The hash structure stores data. First, the hash value of the key is calculated to determine its position in the array. If there is a conflict, a linked list is built at the array position. This obviously has several problems:
Even the calculated positions of keys with the same characteristics may be far apart, making continuous queries inefficient. That is, range queries are not supported.
The hash index stores the calculated hash value and row pointer, but does not store the specific row value, so querying the data through the hash index requires two queries (first query the position of the row, and then find the specific Data)
The premise of hash index query data is to calculate the hash value, which requires the key to be a key that can accurately point to a piece of data, so matching queries such as like are not supported.
So what we can know is that the hash index is suitable for quickly selecting a certain row of data.
B Tree structure
Judging from the name, this is obviously a tree structure. Tree structures are a must-have in data structure textbooks in college. The tree structure is a particularly important data structure that is used in many places.
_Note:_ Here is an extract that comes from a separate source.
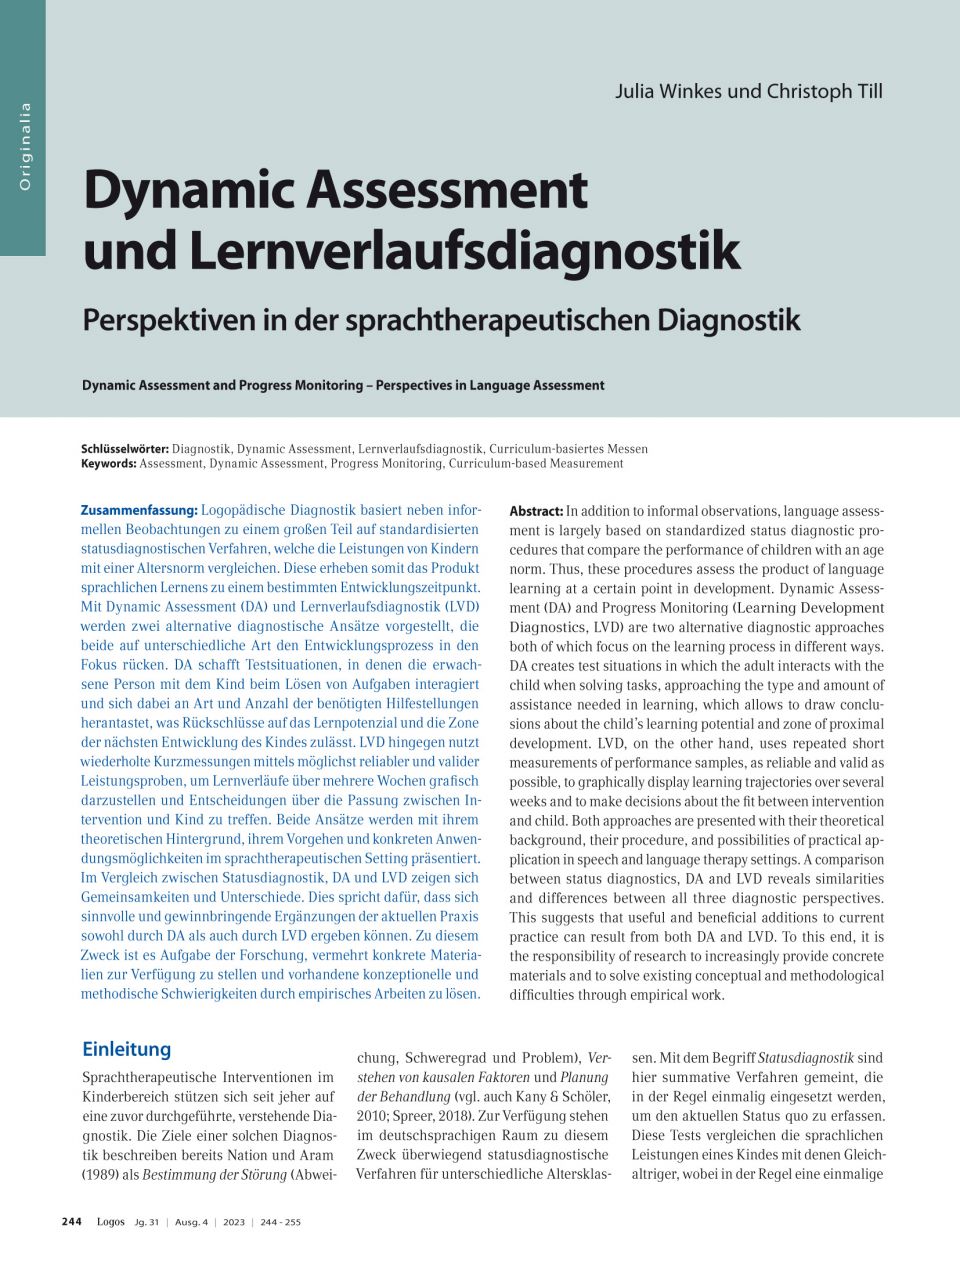 Dynamic Assessment und Lernverlaufsdiagnostik

We mentioned above that hash indexes cannot perform range queries. There is also a structure in the tree structure that is convenient for ordered queries - a binary search tree. The structure of the binary search tree requires that the value of the parent node is greater than the left child node and less than the right child node, as shown below:
The time complexity of the binary tree query in the above figure It is O(log(n)). Of course, to ensure the time complexity of O(log(n)), we need to ensure that the binary tree remains balanced at all times.
Although the tree structure is also used in the MySQL index, it is not a binary tree. Because the data in the database is ultimately stored on the disk, and if the tree has too many nodes, it will take a lot of time to transfer between nodes. In the implementation of MySQL, we choose to put more content on the same node, and transfer the operations on the same node to the memory to reduce the number of transfers between nodes in external memory to achieve the purpose of improving efficiency. This is B Tree. In the implementation of B Tree, a three-layer tree structure can basically meet almost all our needs.
Related recommendations: "mysql database knowledge learning"
B-Tree
To understand B Tree first You have to understand B-Tree. B-Tree is a balanced tree. The B here refers to Balance rather than Binary. To be more precise, B-Tree is a multi-way balanced search tree.
The multi-path balanced search tree is as shown below:
This is a 2-3 tree, which means that each node stores two values, and at the same time The number of branches per node is 3. As can be seen from the above figure, the middle structure is very suitable for querying data. The value of the left subtree of each node is less than the smallest value of the current node, the values of the middle subtree are all in the middle of the two values of the current node, and the values of the right subtree are all greater than the maximum value of the current node.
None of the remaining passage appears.